Le Registre des dommages a été créé en décembre 2006 par la résolution ES-10/17, en faveur de laquelle les Etats de l’UE ont voté[22]. Comme le précise le préambule de la résolution, cette mesure s’inscrit dans la mise en œuvre de l’avis de la CIJ, en particulier son paragraphe 153, et des principes du droit humanitaire et des droits de l’homme[23]. En juin 2009, environ 1500 plaintes avaient été enregistrées[24]. Il faut toutefois noter qu’en l’absence de toute coopération d’Israël, le dédommagement effectif des populations palestiniennes affectées par la construction du Mur risque bien de rester lettre morte.
La seconde demande, adressée à la Suisse, a conduit à la publication par cette dernière d’un Rapport en juillet 2005 relatif aux consultations menées à l’égard des Etats Parties quant aux moyens d’assurer le respect par Israël de la 4e Convention de Genève, en particulier en relation avec la construction du mur[25]. Sans entrer dans le détail de l’analyse[26], le Rapport rendu par la Suisse n’a débouché sur aucune recommandation précise quant à l’adoption de mesures concrètes visant à inciter Israël à respecter le droit humanitaire, et ce en raison de l’absence de consensus parmi les Etats.
Au delà de l’appui aux mesures prévues par la résolution ES-10/15, la politique de l’UE s’est limitée à réitérer sa condamnation de l’édification du Mur dans plusieurs déclarations consacrées au processus de paix au Moyen-Orient[27].
2. L’abstention de prendre d’autres mesures à la disposition de l’UE et de ses Etats membres susceptibles de contribuer à faire respecter ses obligations internationales par Israël
La politique de l’UE décrite ci-dessus, qui a consisté essentiellement en l’adoption de déclarations de condamnation, ayant démontré son inefficacité, il est nécessaire de vérifier si d’autres mesures étaient raisonnablement disponibles, mesures qui auraient davantage pu contribuer à inciter Israël à se conformer aux prescrits du droit international.
Parmi les moyens de « sanction » dont dispose les Etats afin de signifier leur réprobation face à une violation grave du droit international figure la prise de mesures de rétorsion, qui se définissent comme des actes inamicaux licites en eux-mêmes, pris en réaction à un acte inamical ou illicite[28]. Dans le cas présent, ces mesures pourraient consister en la suppression d’avantages commerciaux. On pense en particulier à la possibilité de dénonciation ou de suspension de l’Accord d’association conclu par l’Union européenne avec Israël[29] , qui accorde aux parties une série d’avantages économiques et douaniers.
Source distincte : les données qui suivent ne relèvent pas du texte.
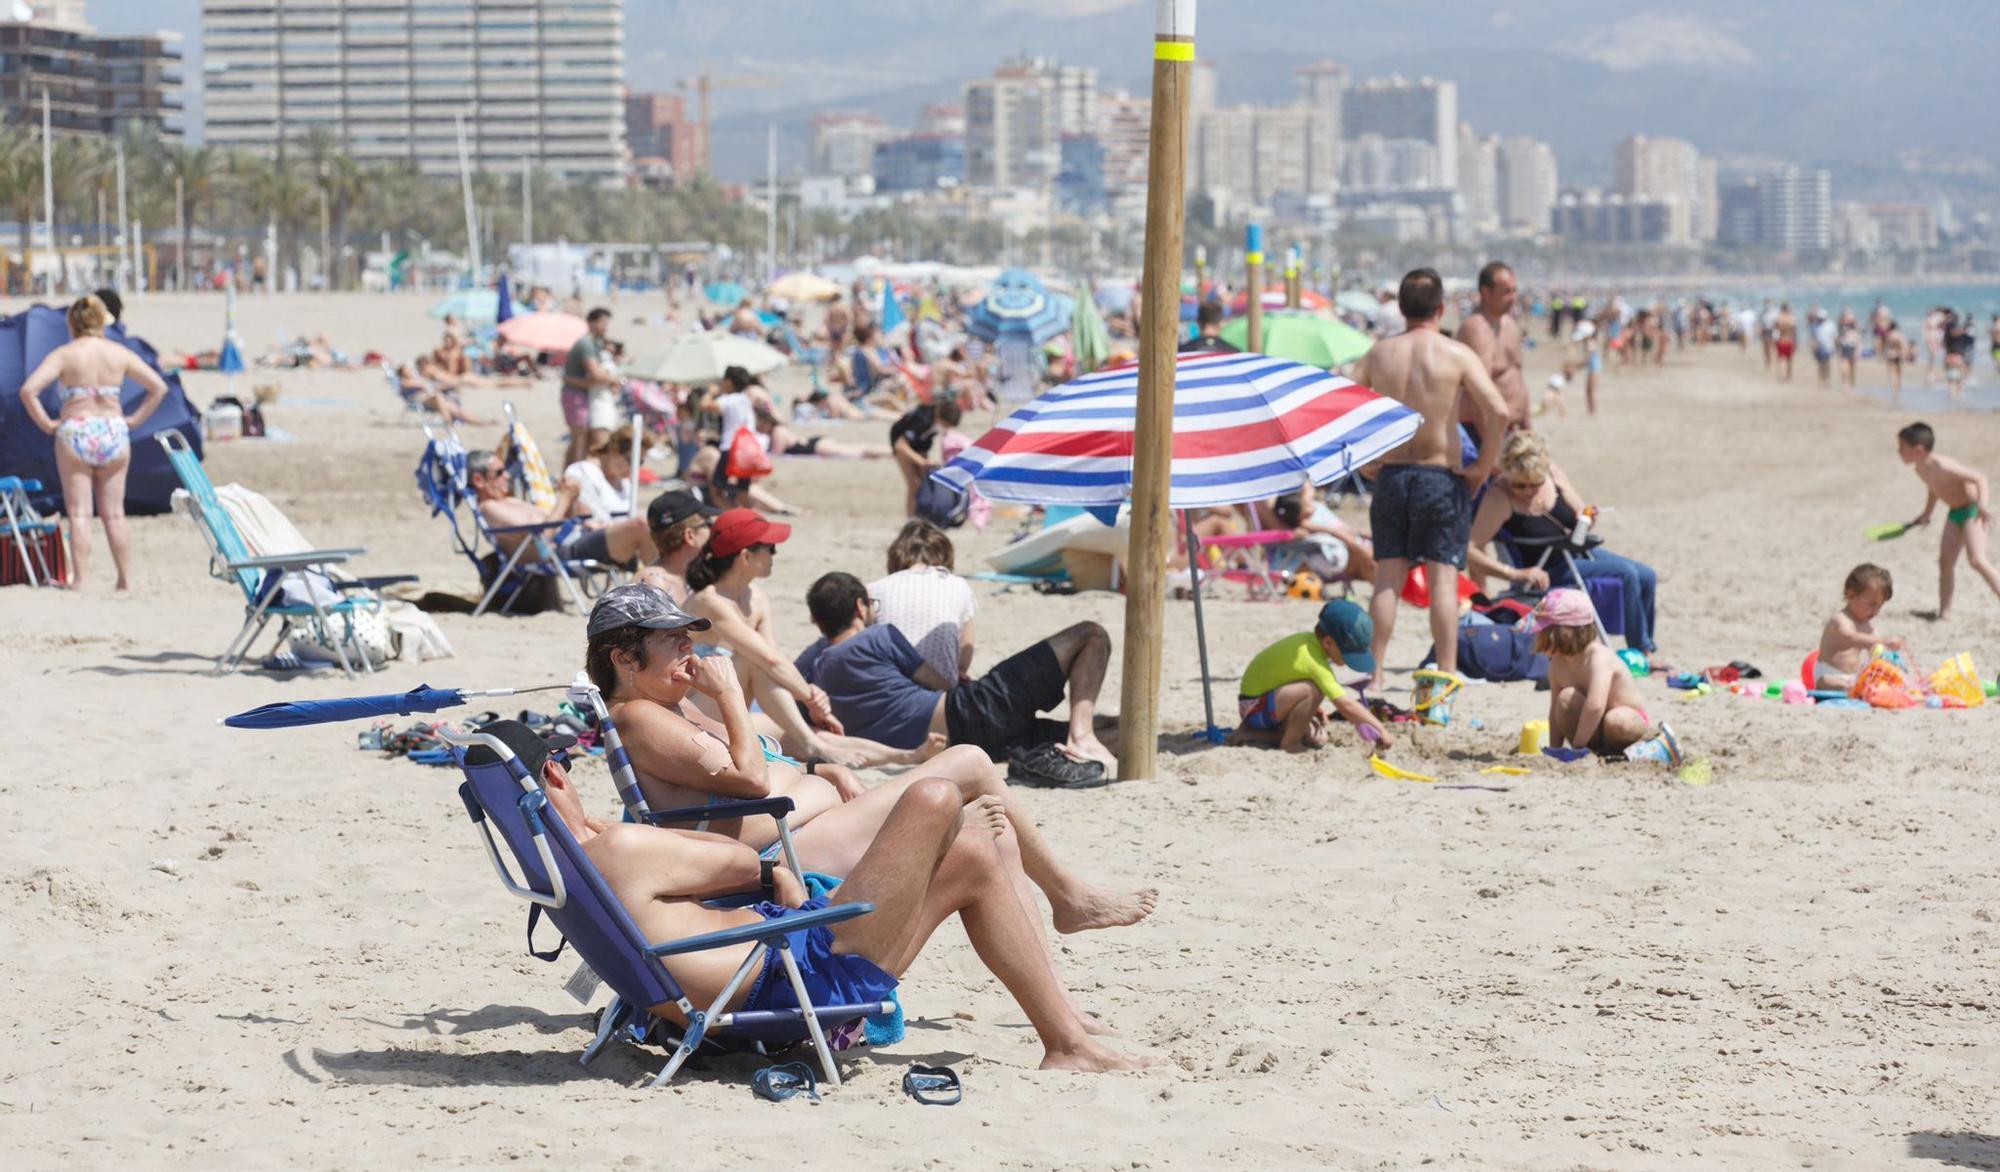 Imágenes del primer fin de semana sin cierre perimetral en Alicante

Une telle mesure ne soulèverait guère de difficultés juridiques, dans la mesure où l’article 82 de l’Accord autorise « chacune des Parties [à] dénoncer l’accord en notifiant son intention à l’autre partie », l’accord cessant « d’être applicable six mois après cette notification ». Le recours à la possibilité de dénoncer l’Accord d’association s’impose d’autant plus que son article 2 précise que « les relations entre les parties, de même que toutes les dispositions du présent accord, se fondent sur le respect des droits de l'homme et des principes démocratiques, qui inspire leurs politiques internes et internationales et qui constitue un élément essentiel du présent accord » et que son préambule souligne « l’importance que les parties attachent […] aux principes de la charte des Nations Unies ». L’existence d’une décision de la CIJ établissant dans le chef d’Israël de multiples violations des droits de l’homme et du droit humanitaire et le refus persistant d’Israël d’y mettre fin rend difficilement justifiable le fait que l’UE s’abstienne de conditionner toute poursuite de l’application de l’Accord au respect du droit international.
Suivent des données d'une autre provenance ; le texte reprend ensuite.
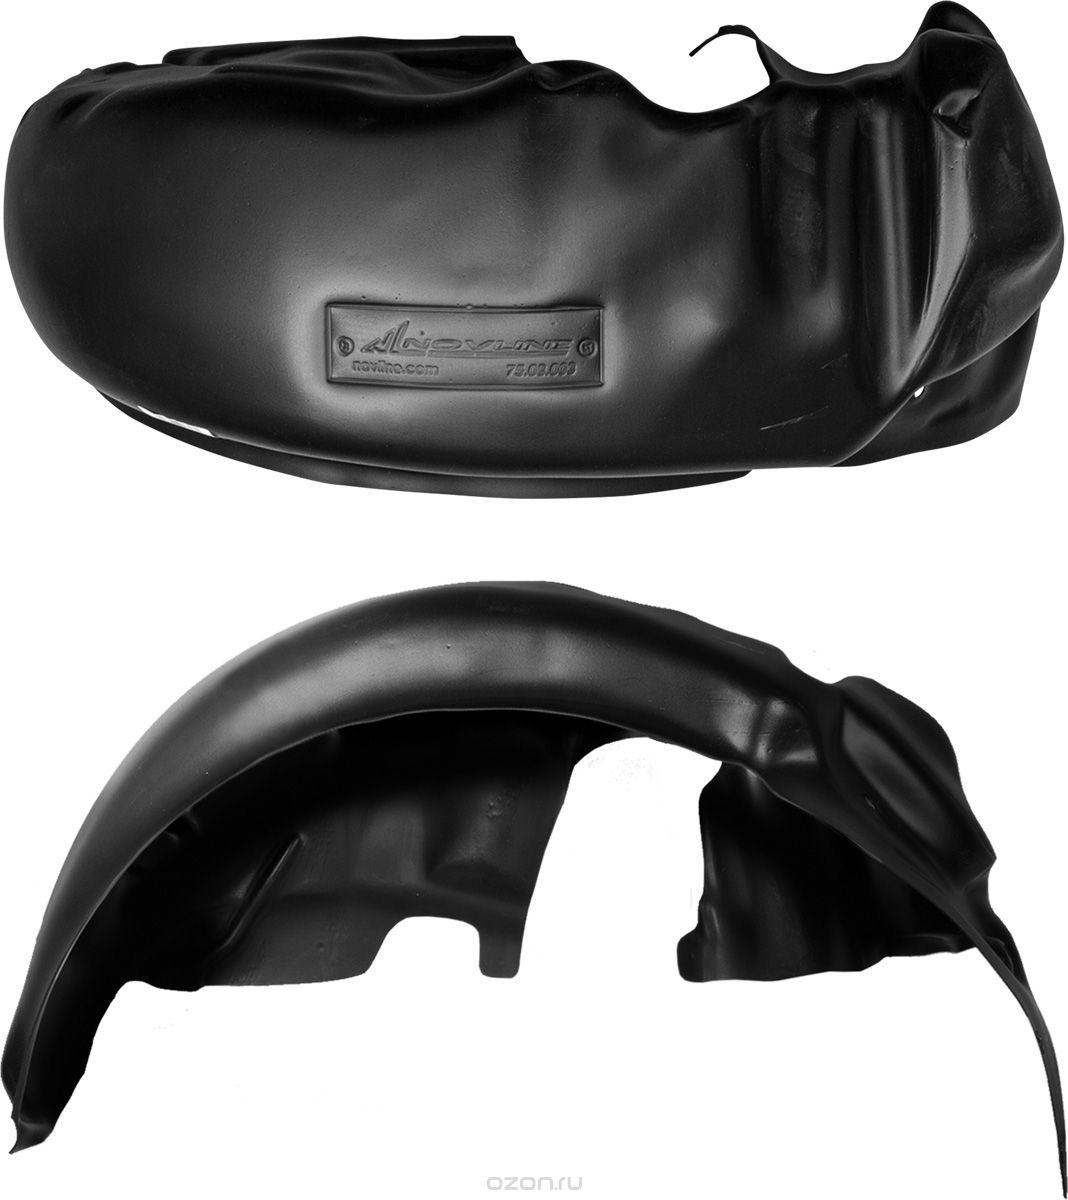 Подкрылок Novline-Autofamily, для FORD Fiesta, 2015-> сед./хб., передний левыйSVC-300Идеальная защита колесной ниши. Локеры разработаны с применением цифровых технологий, гарантируют максимальную повторяемость поверхности арки. Изделия устанавливаются без нарушения лакокрасочного покрытия автомобиля, каждый подкрылок комплектуется крепежом. Уважаемые клиенты, обращаем ваше внимание, что фотографии на подкрылки универсальные и не отражают реальную форму изделия. При этом само изделие идет точно под размер указанного автомобиля.

On constate que des mesures conformes au droit international sont à la disposition de l’UE, mais que celle-ci ne préfère pas, par choix politique, y avoir recours, officiellement pour favoriser le processus de négociation[30]. La poursuite du processus de paix est en effet souvent invoquée pour tolérer la continuation de violations d’obligations internationales[31], dont la Cour a pourtant souligné le caractère d’obligations erga omnes[32]. Cette attitude a été sévèrement critiquée par un groupe de huit experts et rapporteurs spéciaux de l’ONU dans le domaine des droits de l’homme, dans une déclaration publiée en août 2005 :
« In large measure it seems that the ICJ's Opinion has been ignored in favour of negotiations conducted in terms of the Road Map process. The exact nature of these negotiations is unclear but it seems that they are not premised on compliance with the Opinion of the ICJ. They seem to accept the continued presence of some settlements, which were found by the ICJ to be unlawful, and by necessary implication the continued existence of some parts of the wall in Palestinian territory. In short, there seems to be an incompatibility between the Road Map negotiations and the Court's Opinion […] »[33].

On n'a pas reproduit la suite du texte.